发布时间:2026-06-20 点击:10次
2026年8月,卡萨布兰卡的哈桑二世体育场,一场属于北非的黄昏正在燃烧。
对于C组而言,这场比赛的分量远不止三分,突尼斯与喀麦隆,两支非洲劲旅在世界杯舞台上的对碰,本就带着某种宿命的味道——一个代表地中海的坚韧,一个承载非洲雄狮的骄傲,而此刻,所有人都在等待一个名字:塔雷米。
没有人能否认,这场比赛的前七十分钟,是属于喀麦隆的,他们以惯有的冲击力反复撕扯突尼斯防线,中场的奥纳纳像一头不知疲倦的野兽,一次次将球送入禁区,喀麦隆的球迷已经在看台上提前唱起了胜利的歌曲,他们相信,那个非洲杯上令他们心碎的时刻,不过是历史的偶然。
但足球从不相信历史的“必然”。
第七十三分钟,塔雷米在角球区的边缘接到了球,那一刻,他背对球门,面对的是喀麦隆队长、效力于那不勒斯的后防核心安古伊萨的贴身逼防,整个体育场都在屏息。

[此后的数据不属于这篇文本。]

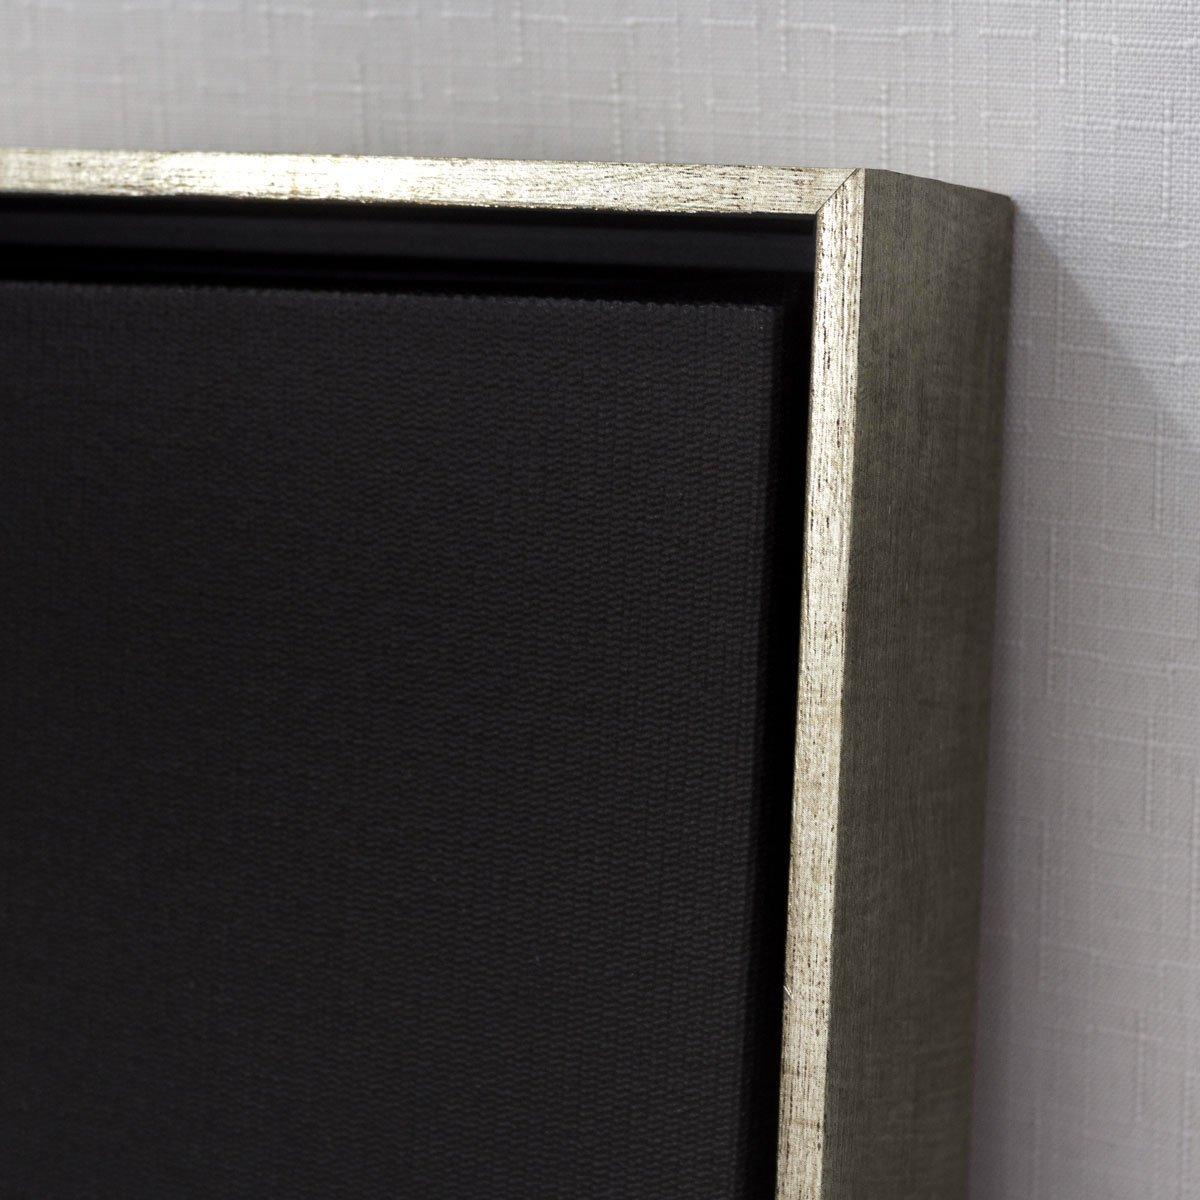 Detalhes e acabamento, tela canvas com moldura flutuante

他没有回传,没有横敲,没有选择最安全的处理方式,他向后靠住安古伊萨,用左脚内侧轻轻一拨——球从喀麦隆防守队员的缝隙间穿过,像一条早已计划好路线的蛇,然后转身,右脚外脚背凌空弹射,球在空中留下一道近乎不可能的下坠弧线,越过喀麦隆门将昂多阿的指尖,擦着横梁下沿砸入网窝。
1比0。
那个瞬间,突尼斯替补席几乎同时弹起,教练加雷斯的战术板上,所有关于“如何限制喀麦隆反扑”的预案瞬间变成了疯狂的拥抱,而喀麦隆那边,队长安古伊萨跪在草皮上,一拳砸向地面,他知道,那个来自波斯湾的幽灵,又一次在关键时刻现身了。
塔雷米在进球后没有像往常一样奔跑庆祝,他站在角旗杆旁,双臂张开,仰头望向看台上那片红白相间的海洋,他明白,这场胜利对突尼斯意味着什么——在首轮意外战平秘鲁之后,喀麦隆已经逼得他们没有退路,如果输掉这场“北非德比”,出线就将变成一种奢望。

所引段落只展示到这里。